For Vulture, prompted by the release of Poor Things Katie Rife ranks all the Frankensteins by horniness:
Jesse James Meets Frankenstein’s Daughter (1966): Technically, Dr. Maria Frankenstein (Narda Onyx) is the OG doctor’s granddaughter. That’s one of the least brain-breaking things about this 1966 “B” movie programmer, which mashes up two popular genres of its time: Gothic horror and Westerns. The backstory here is that the Frankensteins have re-established themselves in the Old West, a desirable location for its lack of regulatory oversight and frequent lightning storms. (The fact that it’s full of hunky outlaws is a bonus.) Dr. Maria claims she needs a “brute” who’s “strong like a giant” for her experiments, so his body will survive the electric shock. But her lusty eyes roving over the musclebound gunslinger soon to be known as Igor (Cal Bolder) betray her true intentions. What does Jesse James have to do with all of this, you ask? Don’t worry about it.

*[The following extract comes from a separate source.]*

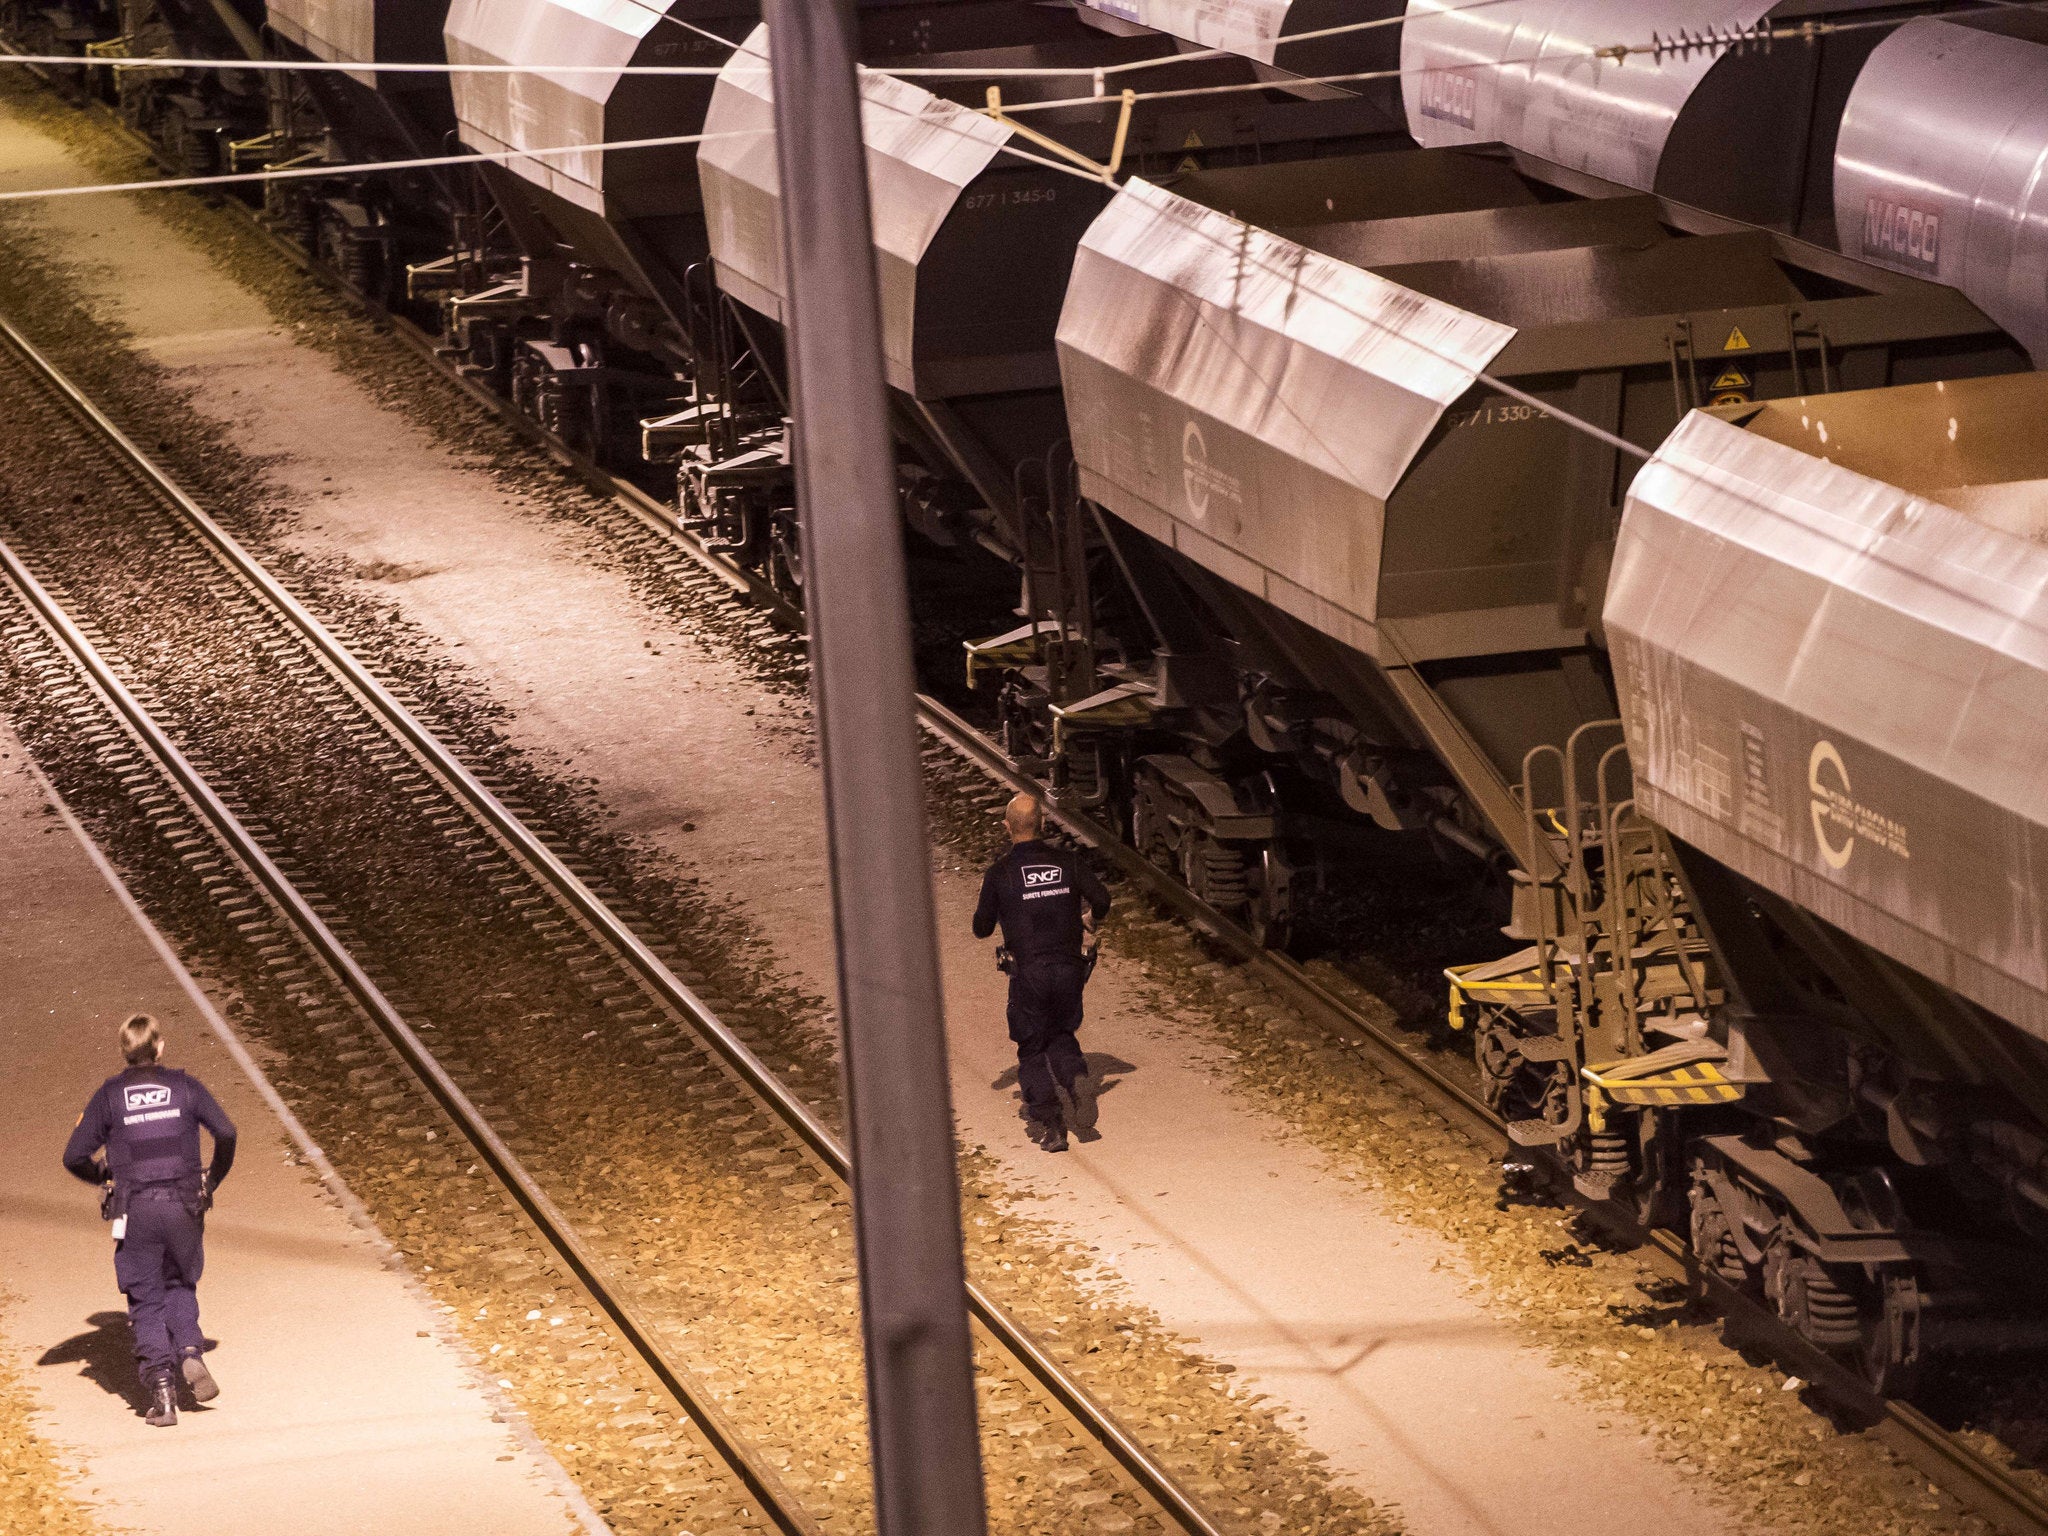 Security agents patrol a Eurotunnel train yard in Calais

At Wired, John Semley interviews Michael Mann about why he and his men do what they do:
Capturing Enzo racing—engaging in what the character terms “our deadly passion, our terrible joy”—was key to Mann’s understanding of him. It’s here that Mann, the persnickety technician, can’t help but surrender to those romantic impulses. “Why do we race? Why do we try to run faster? Why do we try to go to the moon? Why do we try to do anything innovative and different and better than it’s ever been done before?” he swoons. “You and what you’re doing all become one. It’s not you driving the car. You and the car become a unified whole, something harmonic.”

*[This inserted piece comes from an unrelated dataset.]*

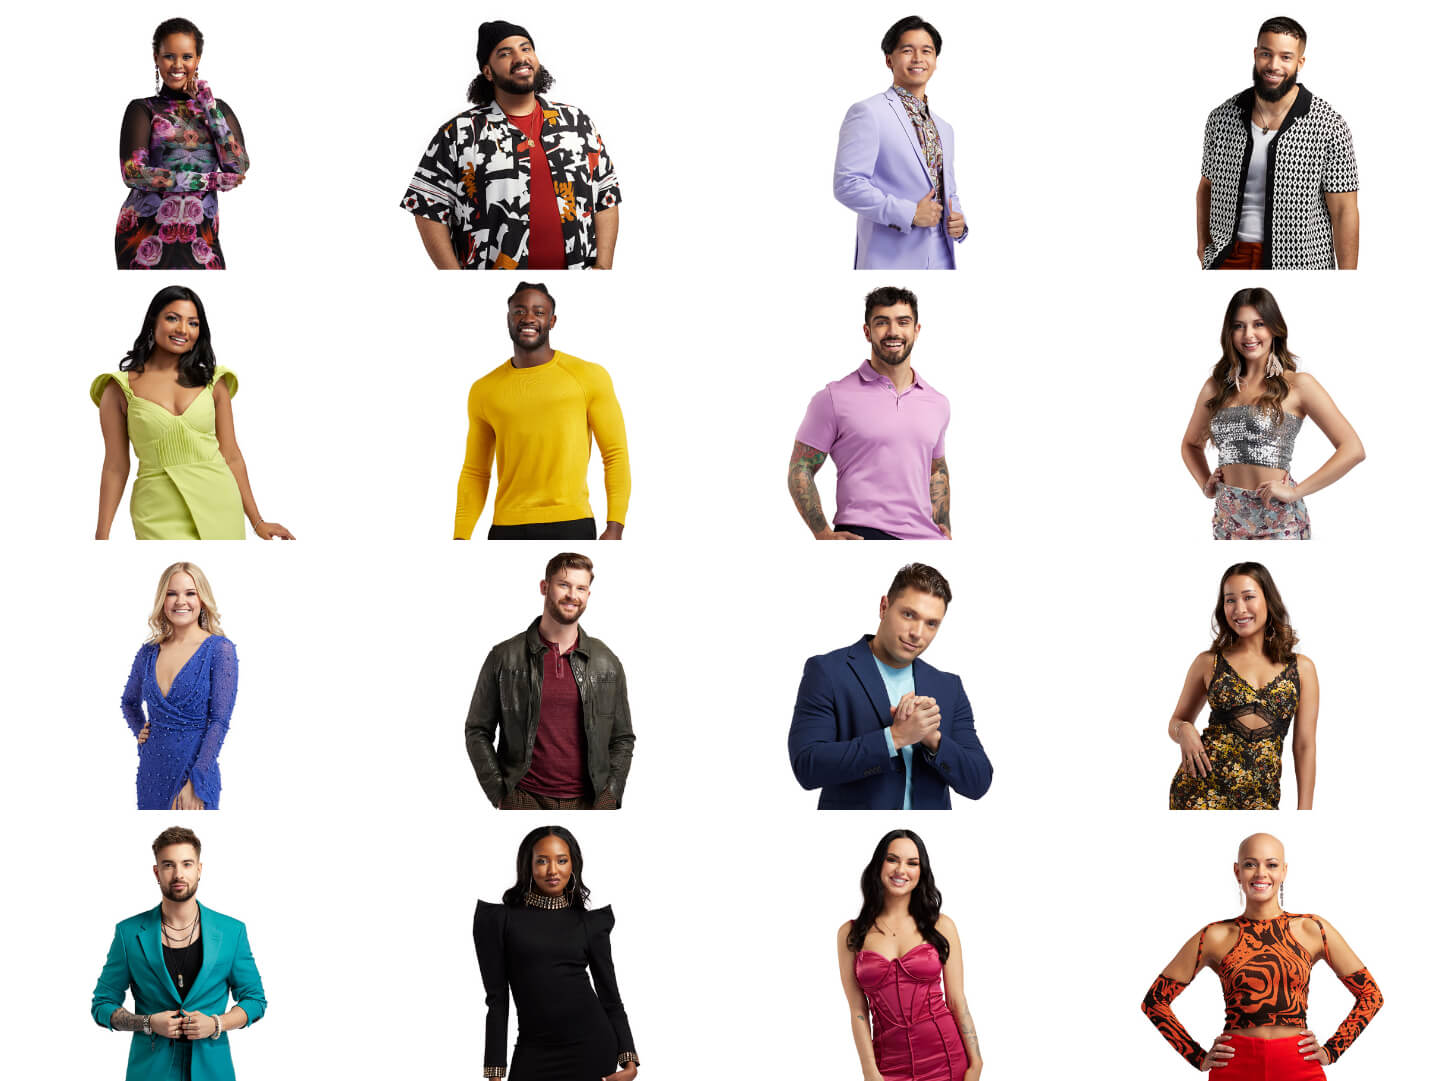 Meet Big Brother Canada Season 11 Houseguests

Chris Person at Aftermath considers the disturbing implications of AI upscaling in movies:
What actually chills my blood more than anything is the thought that a lot of people think this all looks pretty good. You see this mindset at work whenever an AI fetishist posts a stable diffusion image of a woman with 13 fingers, 40 incisors and comically huge breasts. There’s an entire portion of the population that takes overt pleasure in the over-smoothed, perverts that prefer all media to be fast, high frame rate, and scrubbed squeaky clean. The cameras on our phones don’t simply capture images anymore, they compute them and ‘optimize’ them. It’s Italian Futurism in 4k, a noise reduction death drive. It’s not simply enough for much of digital cinema to look crystal clear and lifeless; the past should be denoised, grain managed and cleaned to conform to that standard. It is expedient and profitable if people don’t remember what film is supposed to look like.
On the anniversary of its (Christmas Day!) release, Polygon‘s Dylan Roth pits Mask of the Phantasm against the other top Batman movies to prove its superiority:
But in The Dark Knight, making Gotham feel like a real place also makes it feel generic. Mask of the Phantasm’s Gotham is an art deco retrofuturistic setting; The Dark Knight’s Gotham has no identity whatsoever. Gone are the unique quirks and landmarks established in Batman Begins, like the elevated train line or the hellish slums, the Narrows. The Dark Knight was shot on location in Chicago, but it avoids recognizable Chicago landmarks and replaces them with nothing, as if adding any set dressing would inherently make the setting less real, and by extension less “adult.” […] A head-to-head matchup between Mark Hamill’s animated Joker and Heath Ledger’s live-action Joker is essentially impossible. They’re completely different, they play totally different roles in their respective films, and they’re both perfect. However, Conroy and Bale’s Bruce Waynes share a similar emotional journey. Both portrayals capture something essential about the character as he’s been portrayed in the comics since at least the late ’70s: Where other superheroes struggle to maintain some semblance of a normal life, Bruce Wayne is trying his damnedest not to live one.
And the editors at MUBI asked contributing critics to come up with double features of 2023 films and older discoveries, leading to some rich and rewarding juxtapositions:
Kim Hew-Low, NEW: The Boy and the Heron (Hayao Miyazaki, Japan) + OLD: My Octopus Teacher (James Reed and Pippa Ehrlich, 2020)
“It’s a classic boy meets beast story—not exactly romance, but full of heart, and if not love itself than certainly a testament to its transformative potential.”